Of course, the VASIMR® engine would require a source of electricity to power both the plasma generation process and the engine’s second-stage boosters. Chang Díaz and his team have proposed two possible solutions to provide this electricity. The first is to rely on solar-electric conversion, much like SEP systems, in order to generate electricity. Ad Astra recognizes, however, that a downside to solar-sourced electricity is that it becomes weaker at greater distances from the Sun—therefore, its utility in tandem with VASIMR® would be restricted to near-Earth missions. The second option is the development of nuclear-electric power systems, which, while controversial in many circles, would certainly meet the power-generation needs of VASIMR® engines and enable other proposed propulsion systems which are not currently feasible.

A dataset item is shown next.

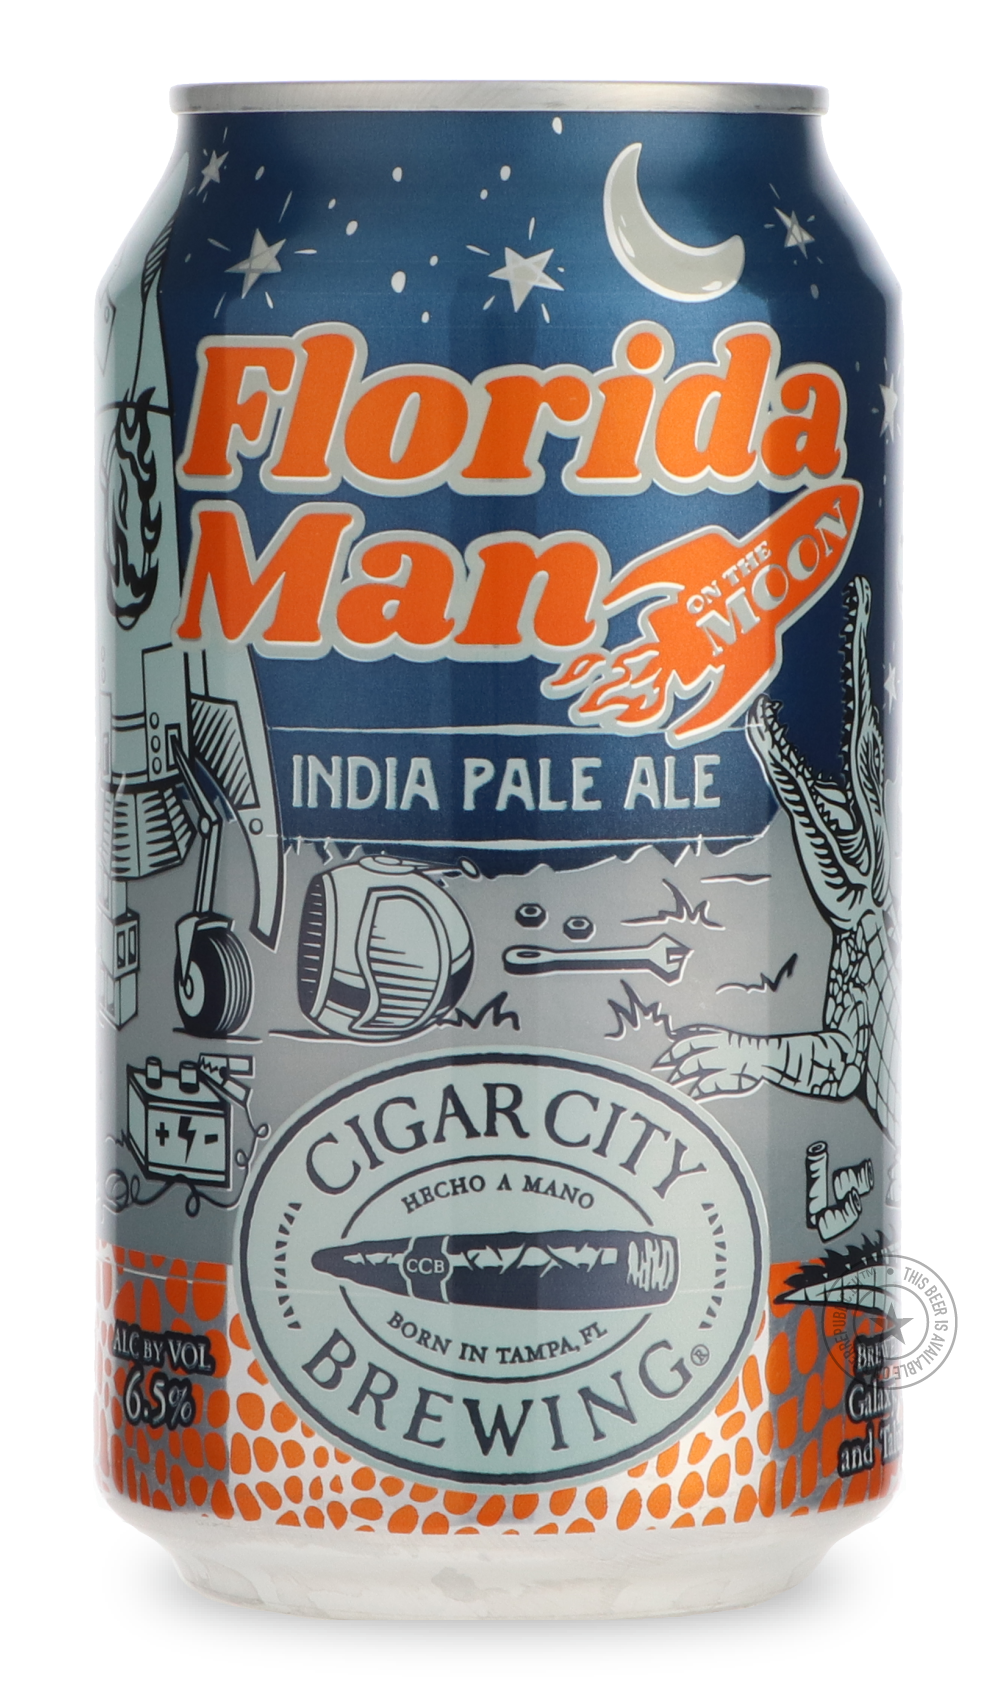 -Cigar City- Florida Man On the Moon-IPA- Only @ Beer Republic - The best online beer store for American & Canadian craft beer - Buy beer online from the USA and Canada - Bier online kopen - Amerikaans bier kopen - Craft beer store - Craft beer kopen - Amerikanisch bier kaufen - Bier online kaufen - Acheter biere online - IPA - Stout - Porter - New England IPA - Hazy IPA - Imperial Stout - Barrel Aged - Barrel Aged Imperial Stout - Brown - Dark beer - Blond - Blonde - Pilsner - Lager - Wheat - Weizen - Ambe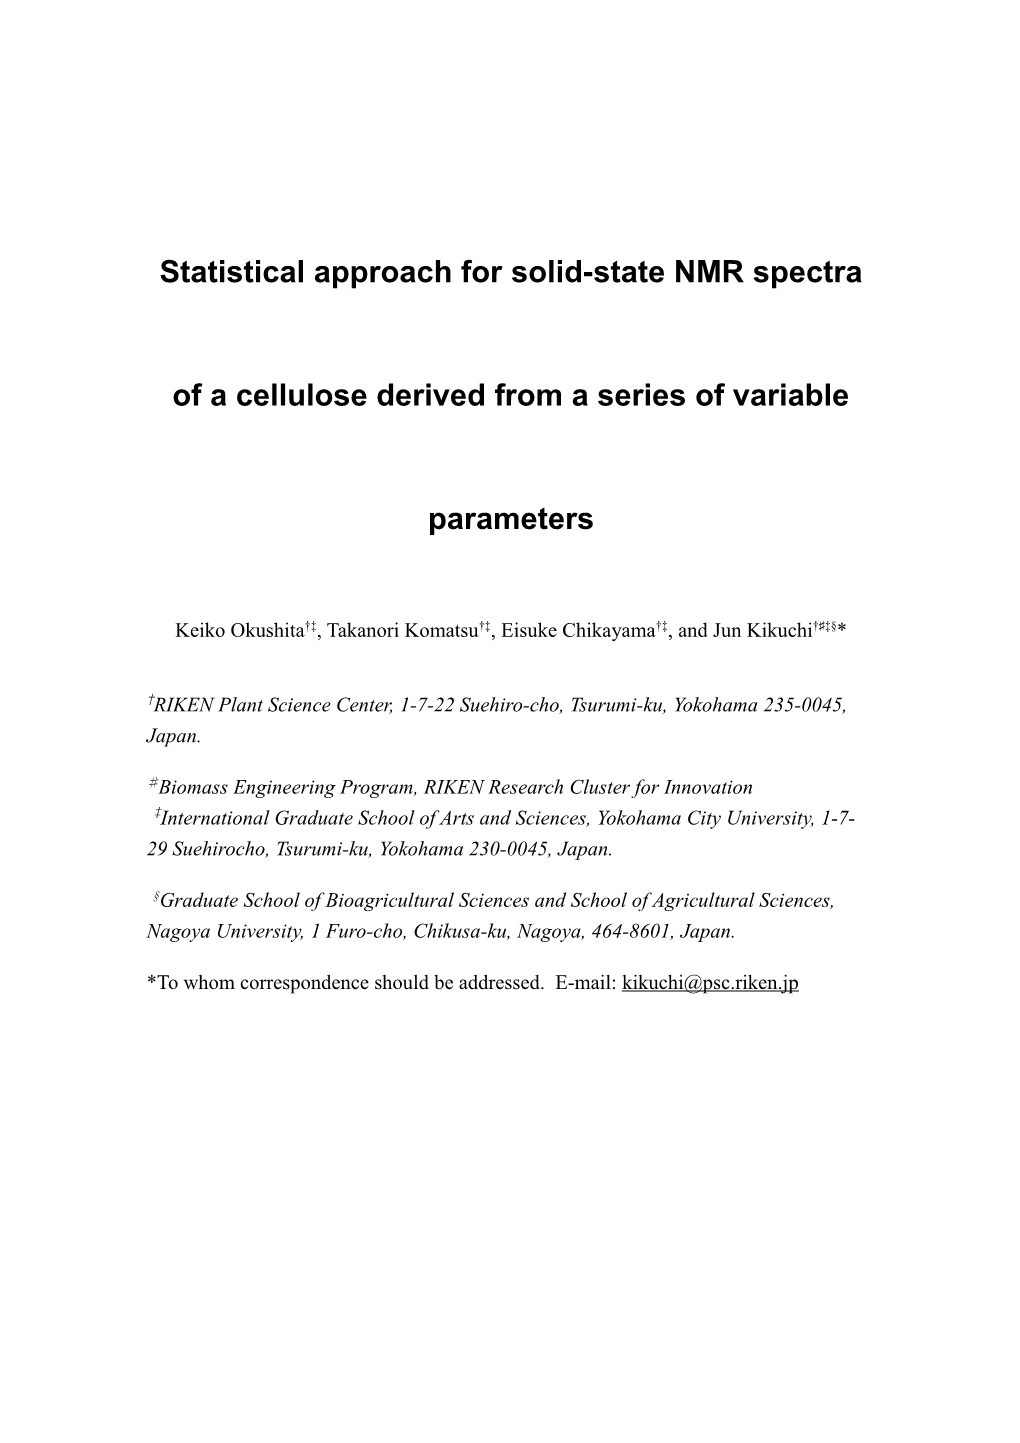 Statistical Approach for Solid-State NMR Spectra of a Cellulose Derived from a Series

It’s an exciting time for advanced propulsion systems, and it’s likely that the engines which will propel us to Mars are currently under development.

Image credit: Lockheed Martin

In order to send humans to Mars and other deep space destinations, next-generation spacecraft will need to rely on advanced in-space propulsion rather than the conventional chemical engines of the Golden Age of human spaceflight. Like so much within today’s space industry, novel solutions are being developed not only by government agencies, but by entrepreneurial space companies as well. From Accion’s batch-produced satellite propulsion tiles, to the massive human-moving potential of Franklin Chang Díaz’s VASIMR® engine, the space industry—with NASA’s encouragement—is preparing to revolutionize the way craft operate in the vacuum of space. And by March of 2018, NASA’s SEP study contract awardees will have submitted their ideas for the Deep Space Gateway’s Power and Propulsion Element, taking plans for the cislunar spaceport—and efficient in-space propulsion—one step closer to reality.